I’m looking to buy the backplane of an HP DL180 G6 and I noticed that it has a “3-pin backplane I2C connector” which connects to the motherboard. https://www.hpe.com/psnow/doc/c01727924
I have 0 idea what this I2C connector is doing and what happens when it’s disconnected. I’m wondering if the owner of an HP DL180 G6 could simply unplug the I2C connector from their server and tell me whether they can still see the drives in the host O.S (or even BIOS?)? I’m thinking of buying only the backplane and connecting it via SAS to a completely different motherboard.
Point 2 seems to suggest that the DL180 didn’t see any disks on the backplane with the I2C cable disconnected.

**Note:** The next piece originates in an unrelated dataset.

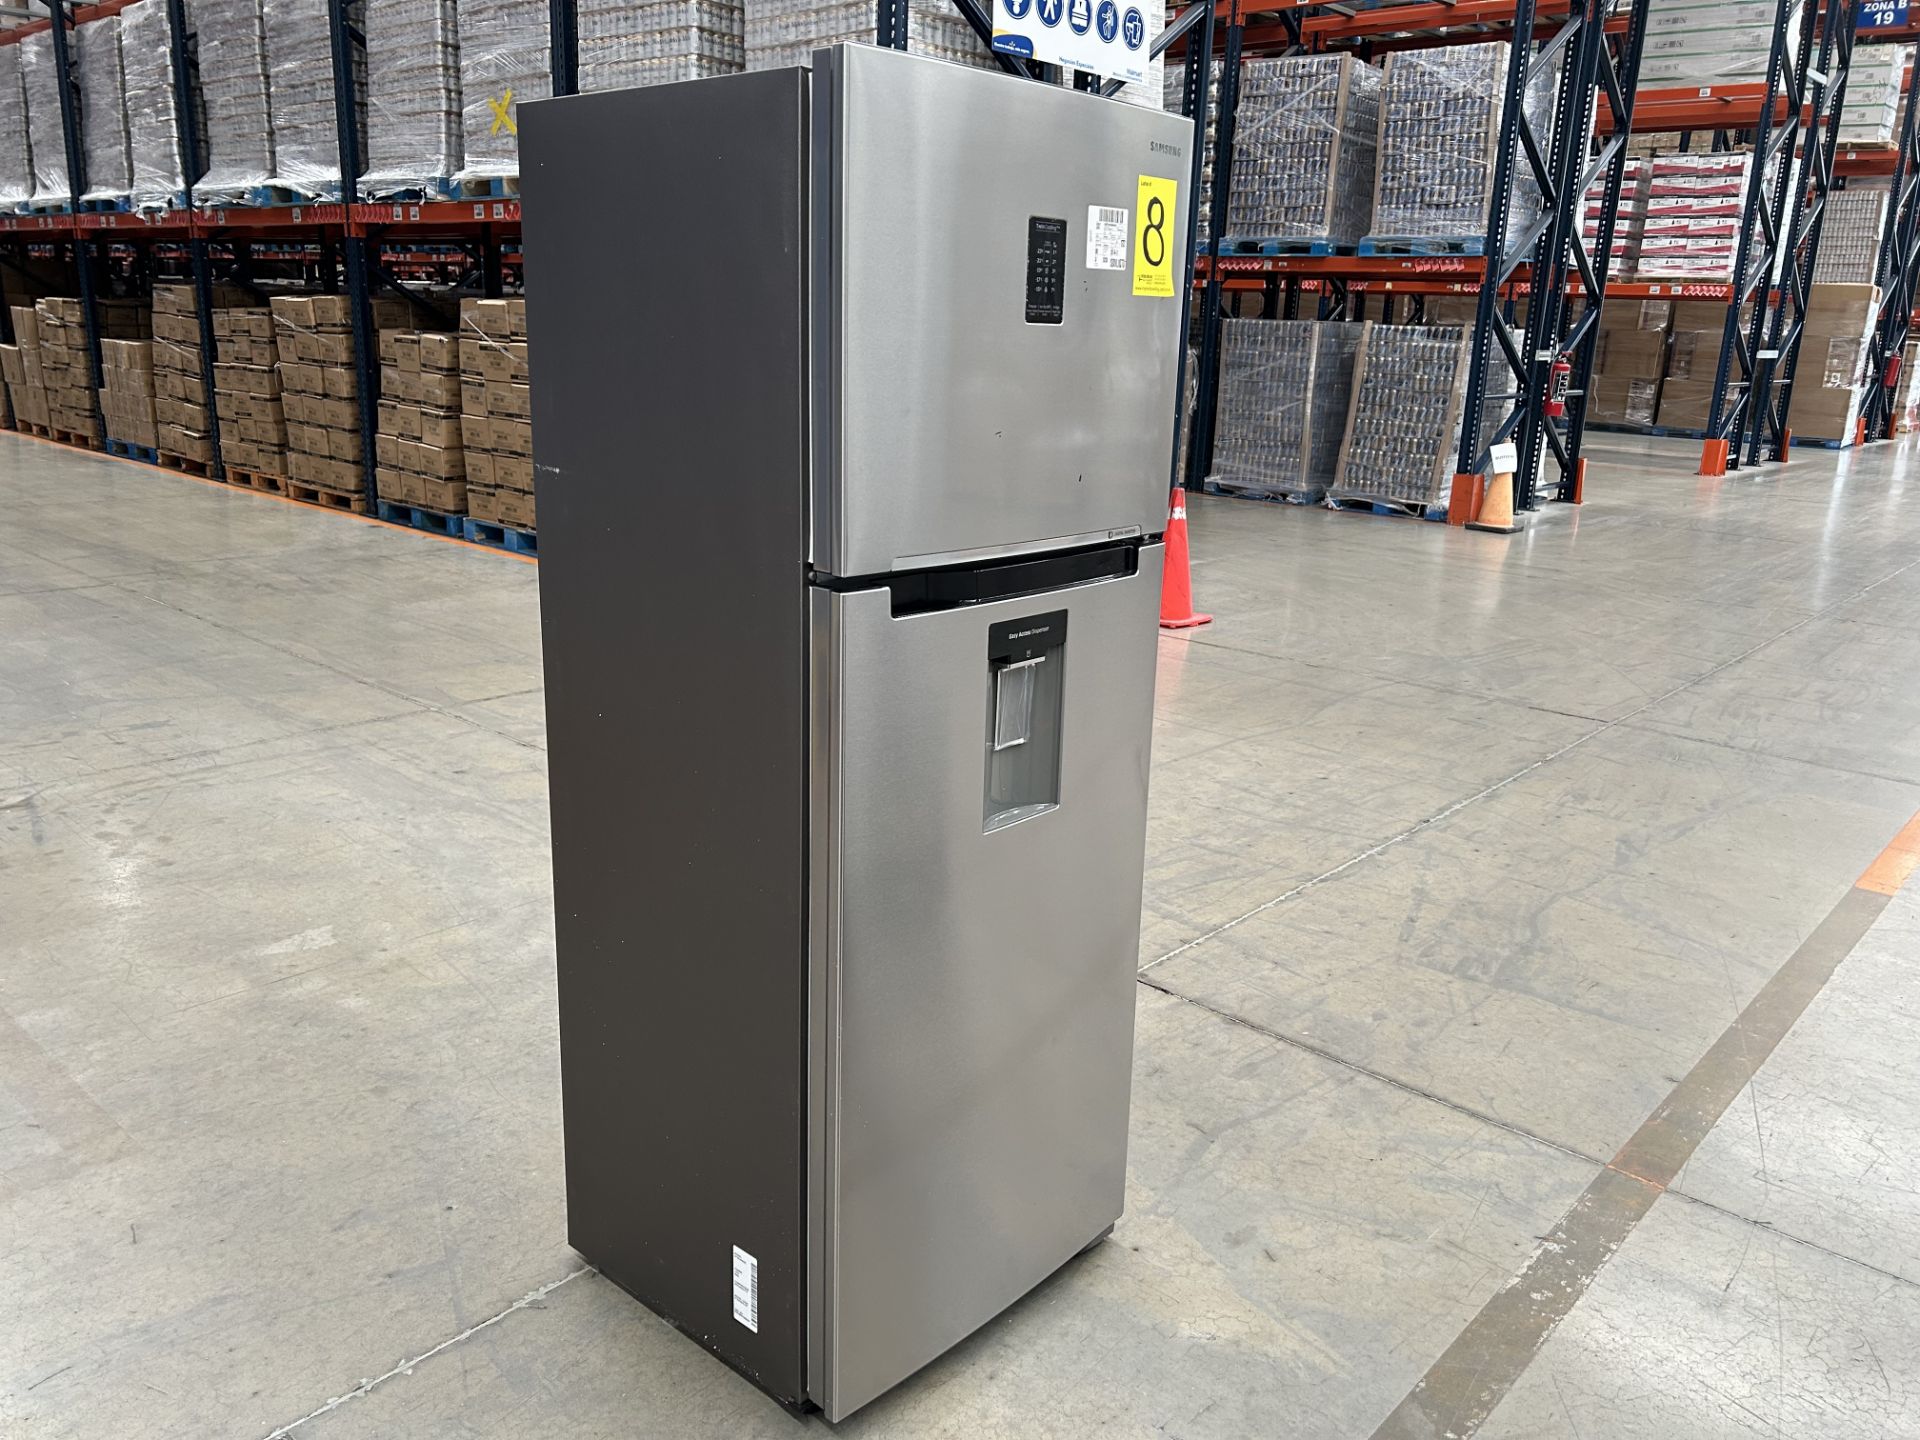 (NUEVO) Lote de 1 Refrigerador con dispensador de agua Marca SAMSUNG, Modelo RT38A5982SL, Serie 400 - Image 2 of 5

However that could be unique to the HP server.
Doing some more googling about I found someone suggesting that they got a troublesome H220 to boot with their HP blackplane by pulling out the i2c cable that goes between the backplane and the motherboard in their server.
I tried this, and I was able to get the server to boot!
Only problem is, now it doesn’t see any of the drives connected tot he backplane, so I guess that didn’t really solve anything.
Welp, that’s unfortunate. It looked like a pretty nice backplane with a built-in SAS expander. I doubt the SAS expander will show the discs without that I2C connection sadly. Trying to decode and have an arduino tell that I2C connection is more trouble than it’s worth.